## What to do
Repeat the lines below exactly as written, please, from the line with "www.cdti.ac.th no gift" to the line with "Glen Moray 2006/2018", both lines included, and no others.
*** Entries provided ***
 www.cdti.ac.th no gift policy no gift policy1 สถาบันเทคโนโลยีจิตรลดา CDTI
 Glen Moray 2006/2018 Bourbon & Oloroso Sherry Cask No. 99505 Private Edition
*** End of Entries provided ***
*** Entries provided ***
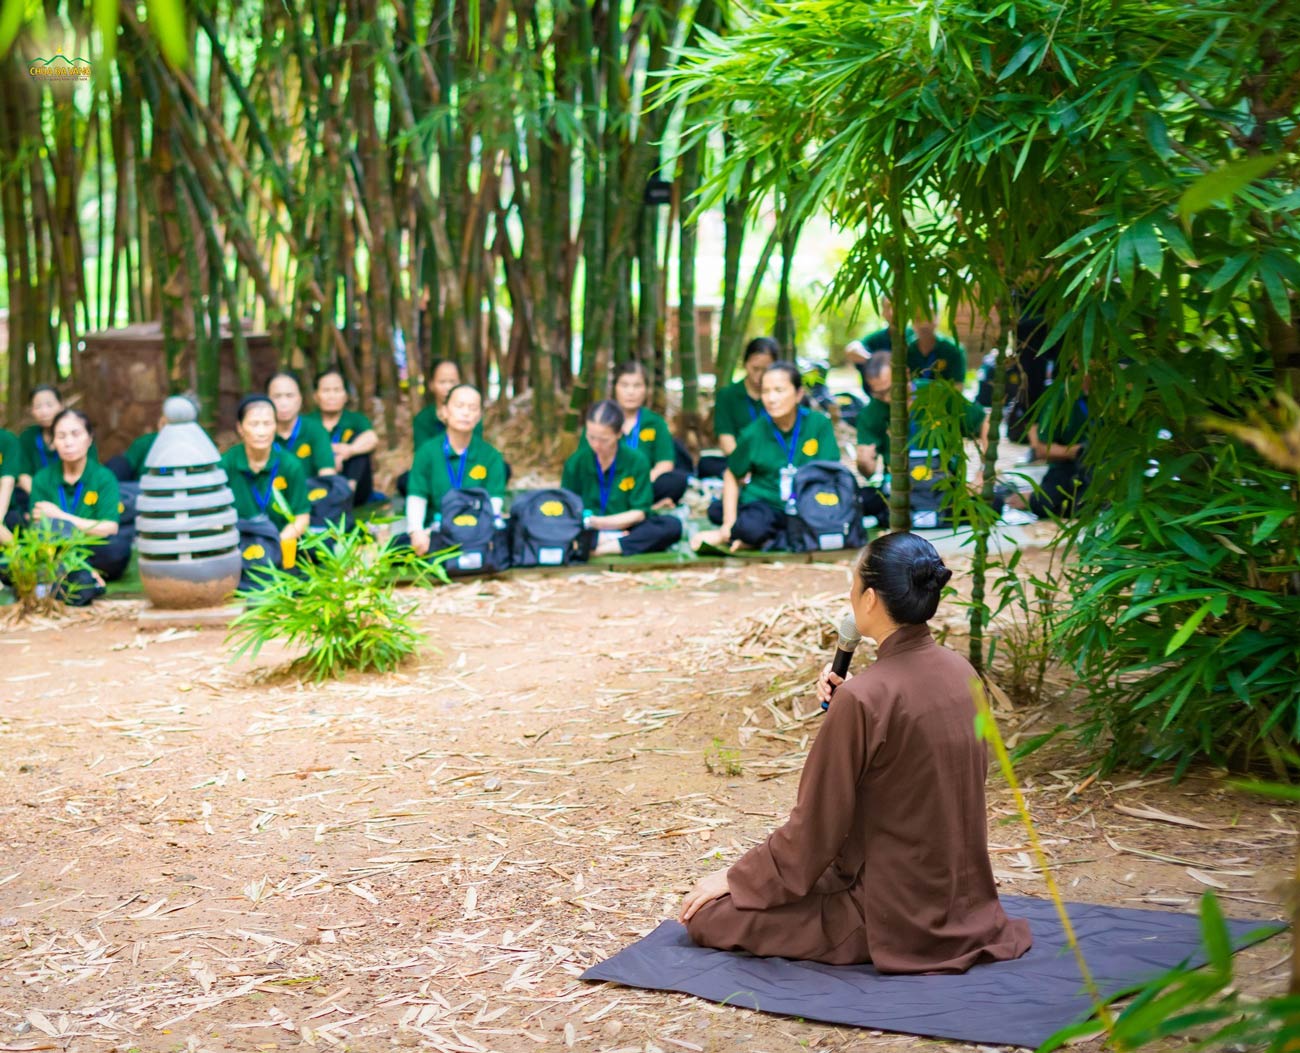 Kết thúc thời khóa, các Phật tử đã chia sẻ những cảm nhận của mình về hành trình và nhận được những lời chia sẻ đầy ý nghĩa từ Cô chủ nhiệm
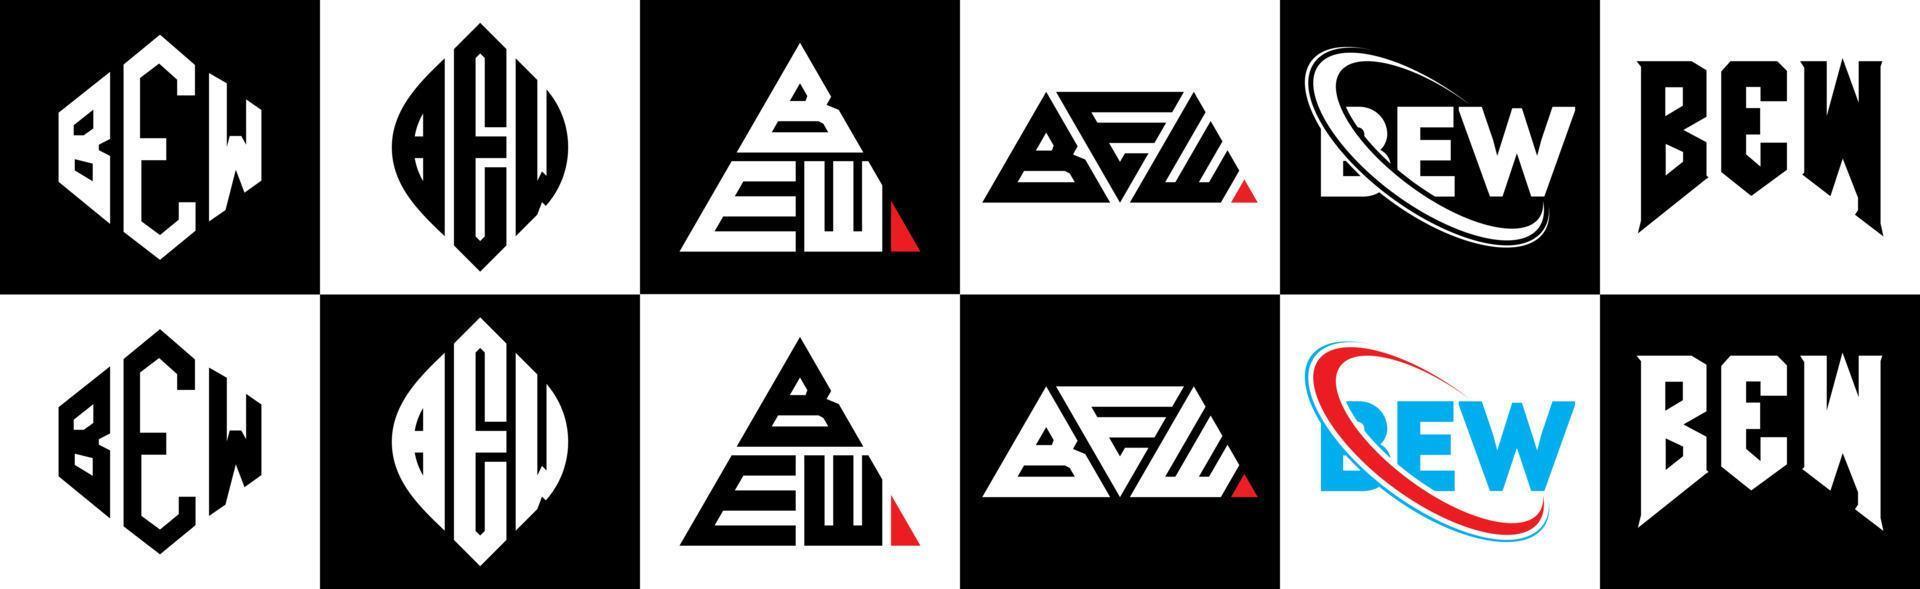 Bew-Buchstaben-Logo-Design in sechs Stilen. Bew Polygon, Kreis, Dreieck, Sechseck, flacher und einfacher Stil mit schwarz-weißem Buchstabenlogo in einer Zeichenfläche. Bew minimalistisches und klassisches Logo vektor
*** End of Entries provided ***
*** Entries provided ***
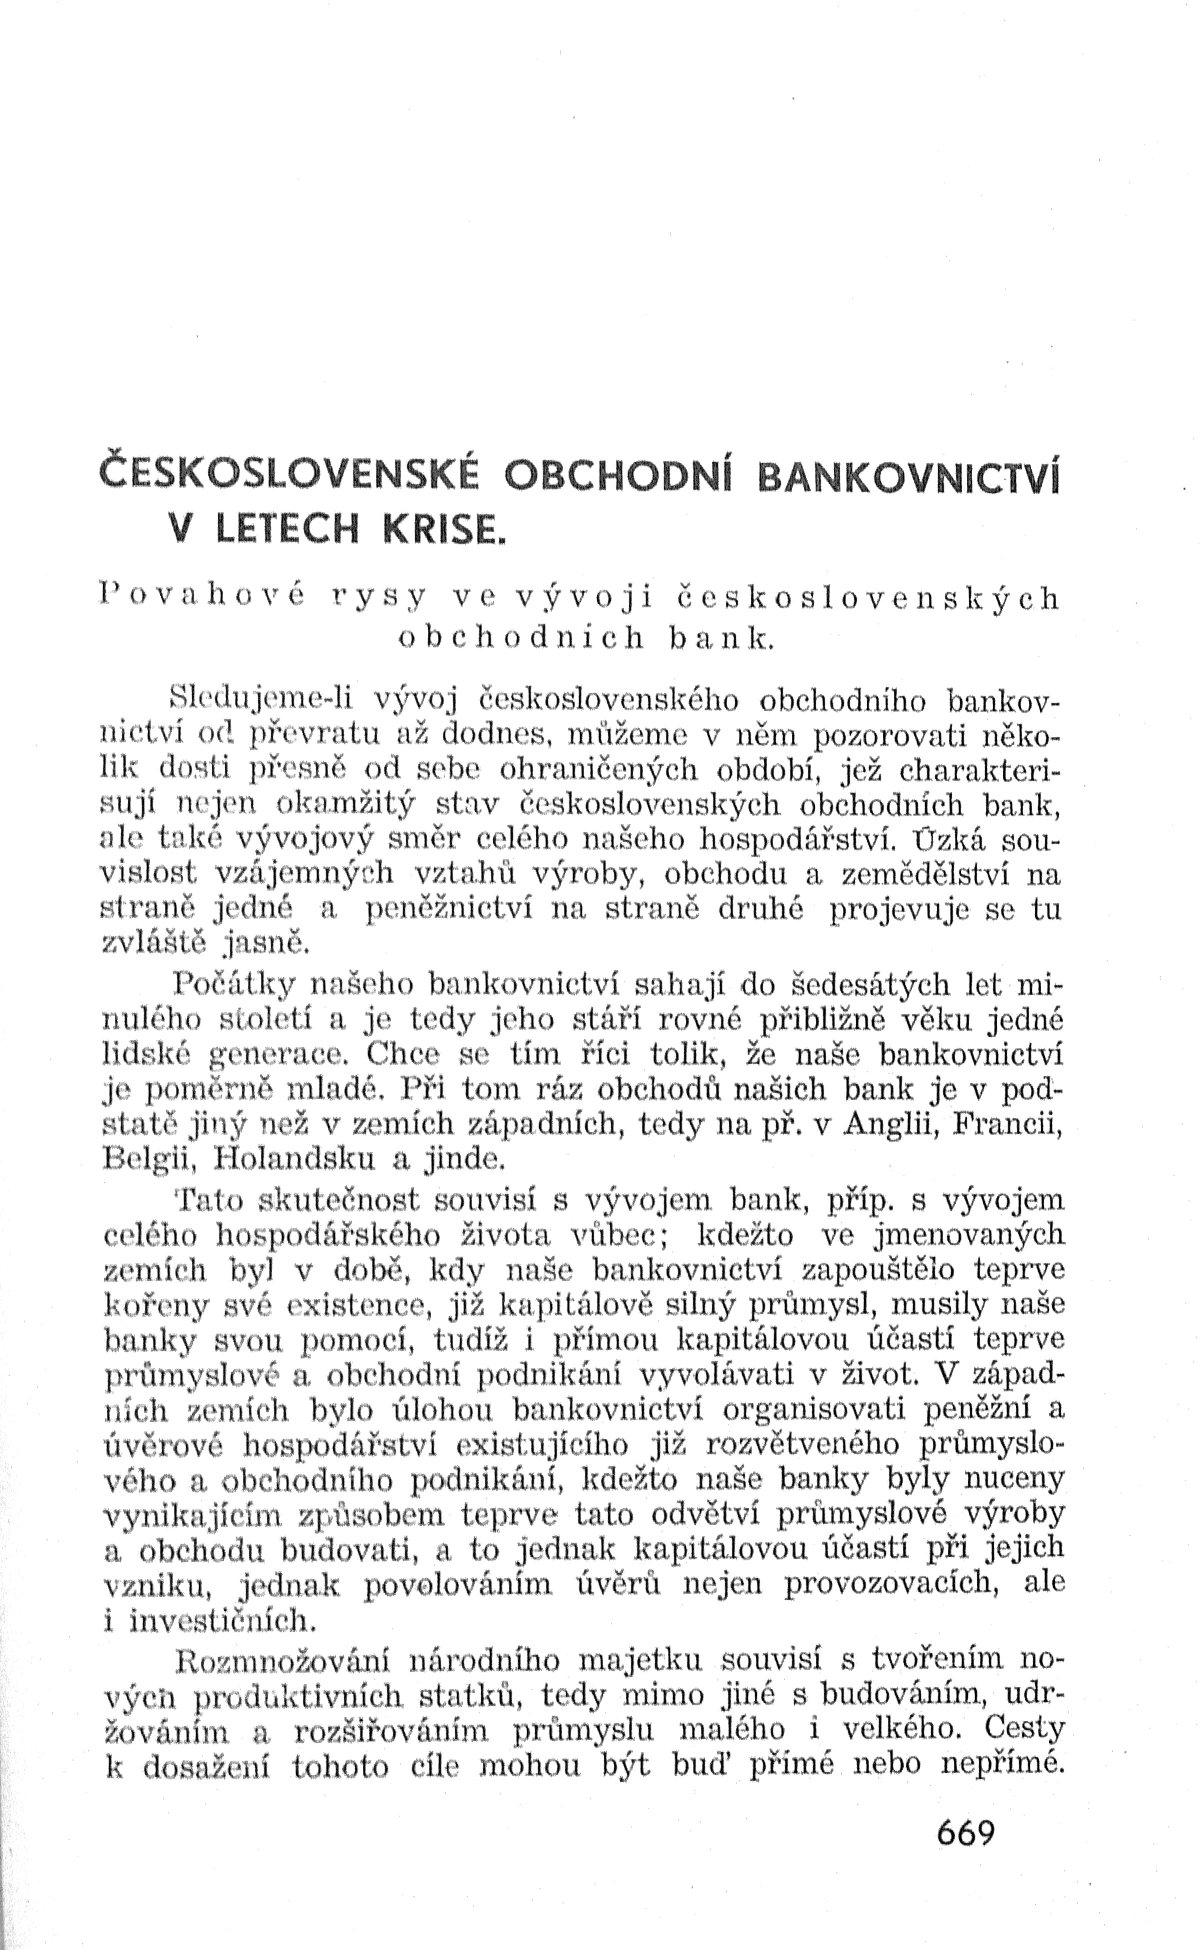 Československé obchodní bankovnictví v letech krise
*** End of Entries provided ***
## Task response
 www.cdti.ac.th no gift policy no gift policy1 สถาบันเทคโนโลยีจิตรลดา CDTI
 Glen Moray 2006/2018 Bourbon & Oloroso Sherry Cask No. 99505 Private Edition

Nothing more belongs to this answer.